L) Por conseguinte, a douta sentença recorrida, quando considerou recorrível o acto impugnado e julgou procedente o recurso contencioso de anulação, violou os artigos 268.°, n.° s 4 e 5 da CRP e 120.° e 166.° do CPA., 57.° do RSTA e 108.°-A do EA.”
A meu ver, a recorrente carece de qualquer razão e o recurso improcederá, tanto mais que a CGA procede aqui como na maioria dos casos, com manifesta exuberância de absurdos formais e na mais soberana indiferença pelo direito legislado, pelas sentenças dos tribunais e pelos legítimos direitos dos particulares, quase sempre a roçar a má fé.
Desde logo, todas as conclusões são insubsistentes, porque a alegação critica a posição da recorrida particular no recurso contencioso e no procedimento administrativo mas esquece qualquer crítica à douta sentença recorrida na estrita base dos vícios da sentença ou do julgamento e sobretudo que o acto impugnado e anulado é uma deliberação expressa de 20.7.99 do Conselho de Administração da Caixa Geral de Aposentações e não qualquer acto de indeferimento tácito que repetida e equivocadamente invoca.
Mais ainda, porque a deliberação do Conselho de Administração sobre o recurso hierárquico era indispensável ao acto administrativo contenciosamente recorrível com despacho de um chefe de serviço da Caixa Geral de Aposentações que determinava o arquivamento do procedimento de atribuição de uma pensão ao abrigo do regime instituído pelo DL 362/78, de 28 de Novembro, com fundamento em que o requerente não juntou documento probatório, que lhe foi exigido, da nacionalidade portuguesa, tal como o caso sub judice e por exemplo decidiu o Ac. do STA de 26.6.03, R. 1140/02.
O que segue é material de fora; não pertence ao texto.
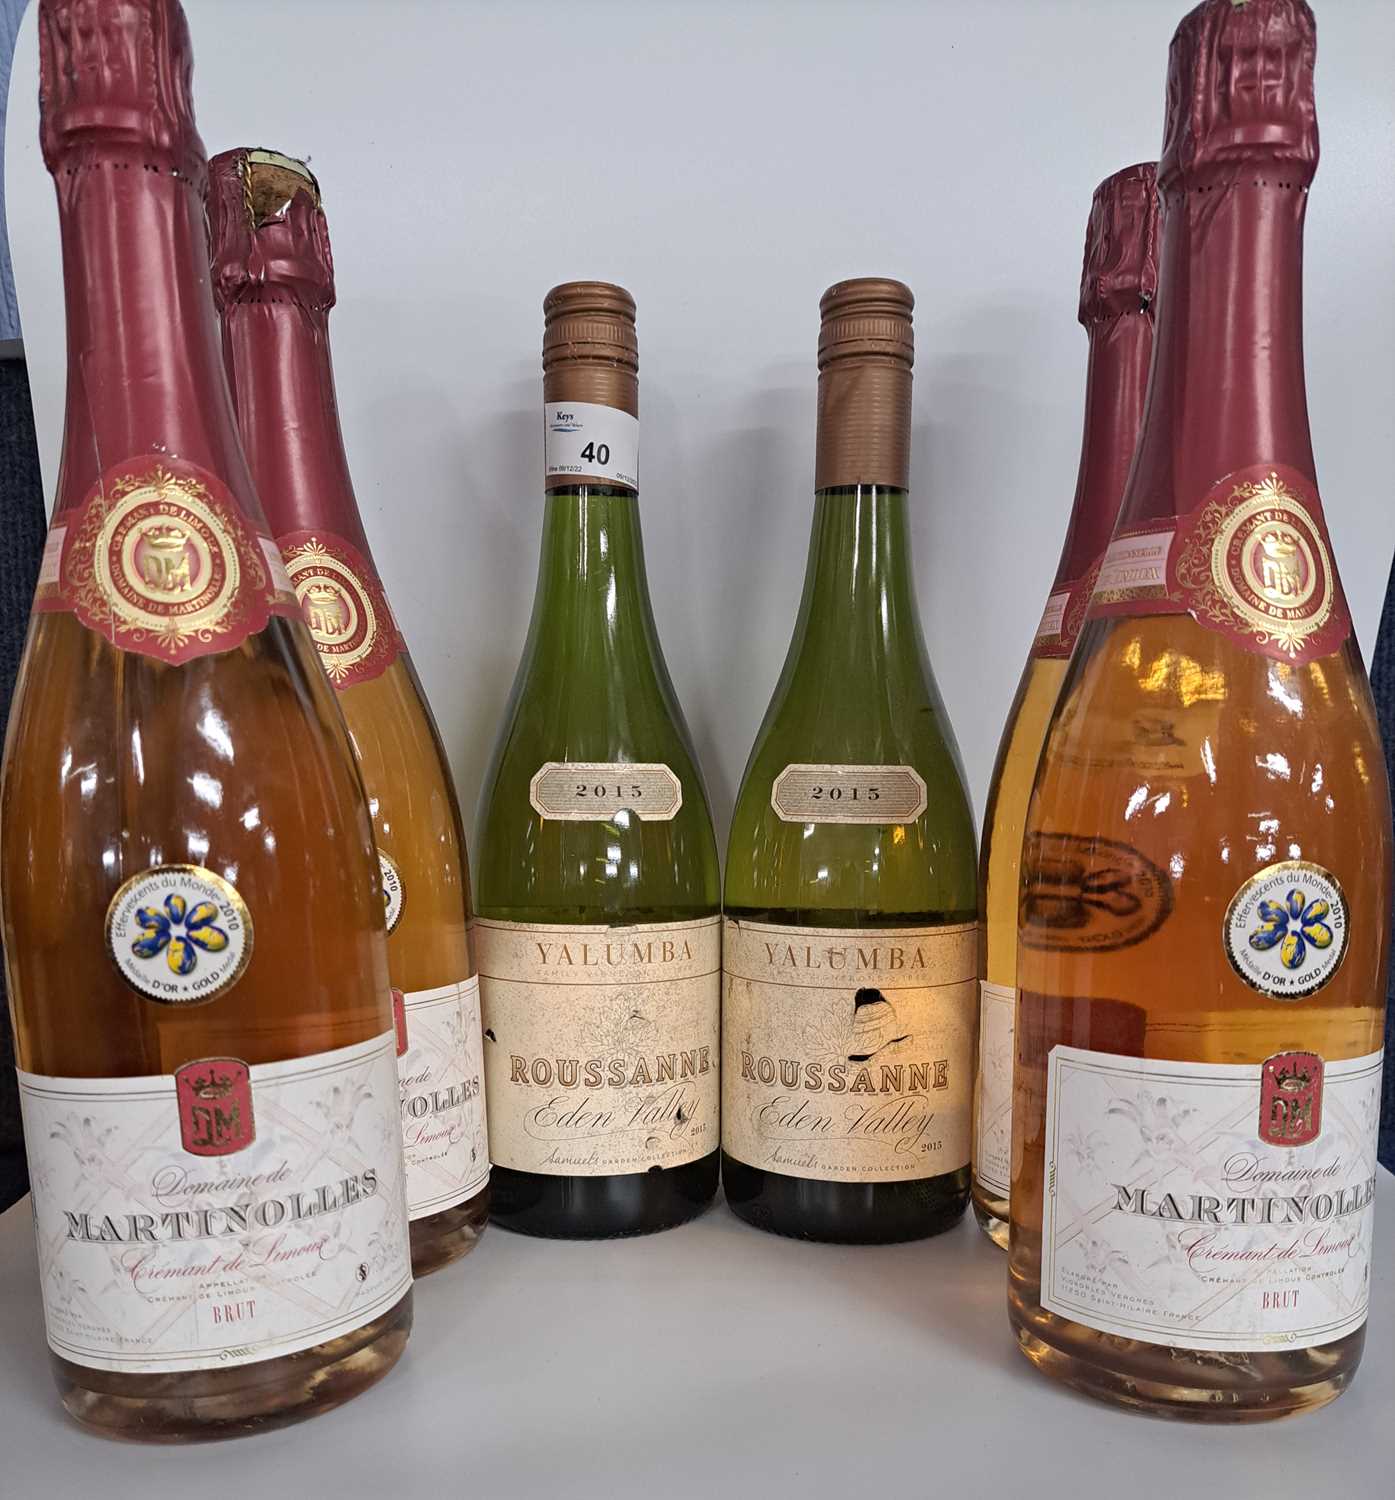 Four bottles of Martinolles Brut together with two bottles of Roussanne Eden Valley 2015 (6)

A tese de que o processo “continuaria placidamente a aguardar o que já nos anos anteriores lhe vinha faltando” é um insulto à inteligência dos interessados e sobretudo aos seus mais inalienáveis direitos de verem pagas as pensões que legitimamente reclamam, mas é sobretudo afronta ao único sentido compatível e útil retirado do comando constitucional do artº 268º, nº 4, quanto à expressão “independentemente da sua forma”, destinada particularmente a evitar e combater as kafkianas, excessivas e injustificáveis formalidades burocráticas da administração, que a recorrente constitui exemplar sistemático de obstrução dos direitos dos cidadãos, enquanto os seus mais altos responsáveis se locupletam com “obscenas” pensões e mordomias.
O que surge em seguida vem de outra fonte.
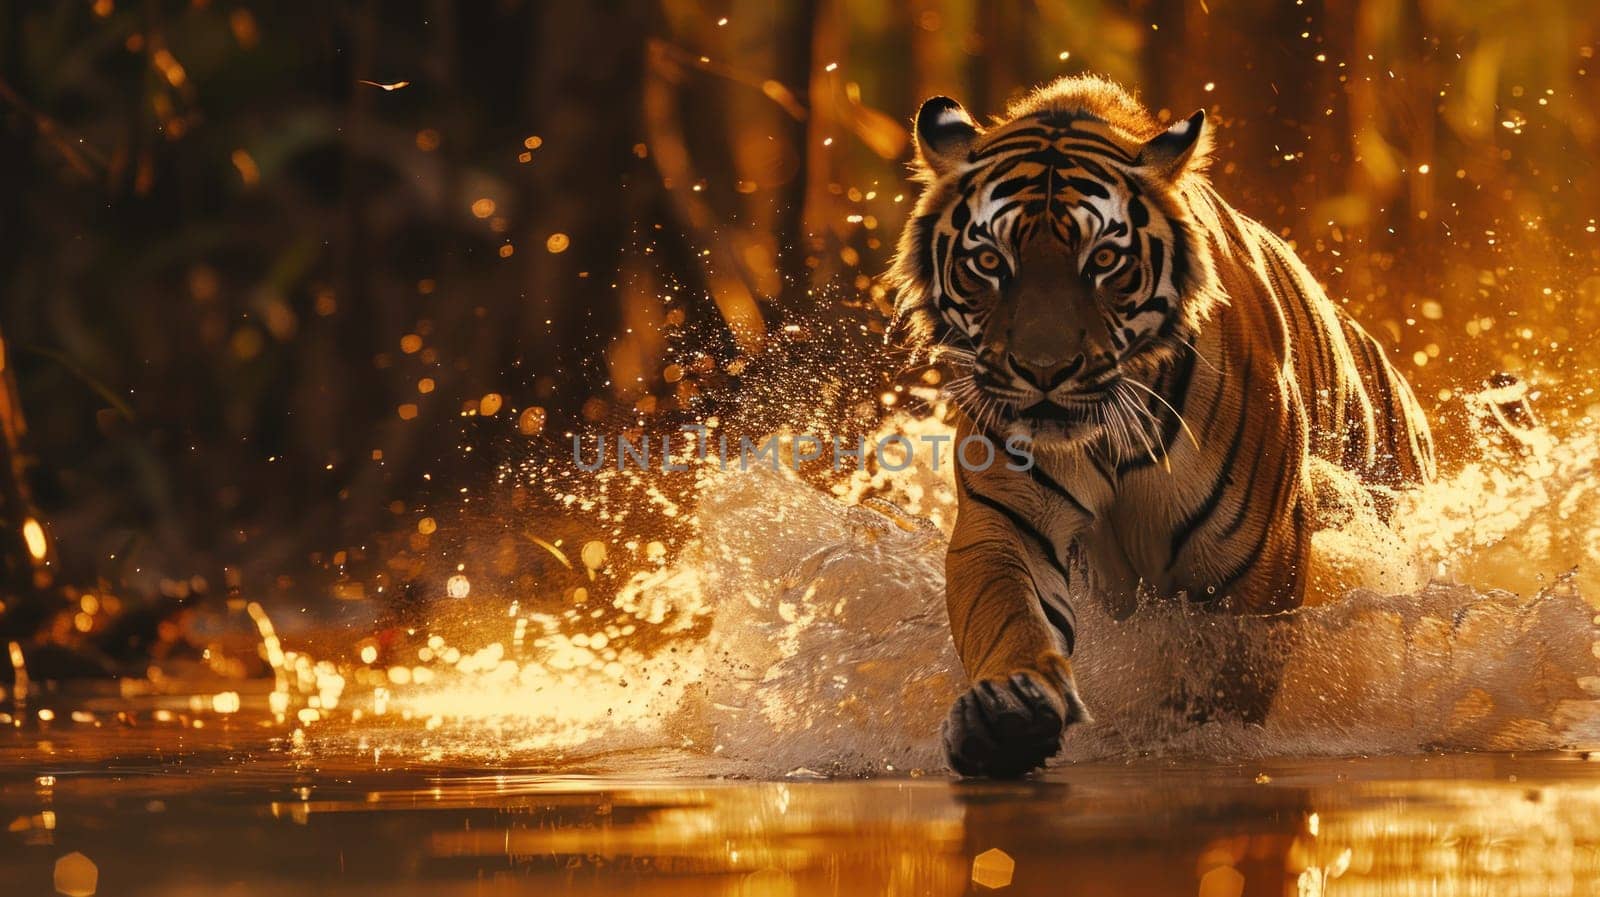 A tiger is running through the water, leaving a trail of splashes behind it. The scene is dynamic and full of energy, with the tiger's movements creating a sense of motion and excitement

Aliás, com o Ac. do Pleno do STA de 9.3.04, R. 44960, ficou agora claro que:
“I- o núcleo da alteração introduzida no artº 268º da C.R.P. pela Lei Constitucional nº 1/89, consistiu em fazer recair a recorribilidade não na circunstância do acto ser definitivo e executório, mas na sua lesividade, isto é, na sua idoneidade para produzir efeitos imediata, actual e efectivamente lesivos de direitos ou interesses legalmente protegidos. II - Tem assim a natureza de acto administrativo recorrível, um despacho de concordância sobre uma proposta de arquivamento do procedimento administrativo conducente à satisfação do direito a uma pensão de aposentação, por o requerente não ter apresentado a documentação que a CGA considerou necessária para o efeito.” Assim se decidira já nos Acs. do STA de 9.2.2000, R. 45136; de 19.2.98, R. 31110 e de 19.12.96, R. 40791.

3. Em conclusão, porque a sentença recorrida não merece qualquer censura, particularmente as que a recorrente lhe aponta, pois não lhe fizeram qualquer agravo, deve ser confirmada e improceder o recurso, segundo o meu parecer.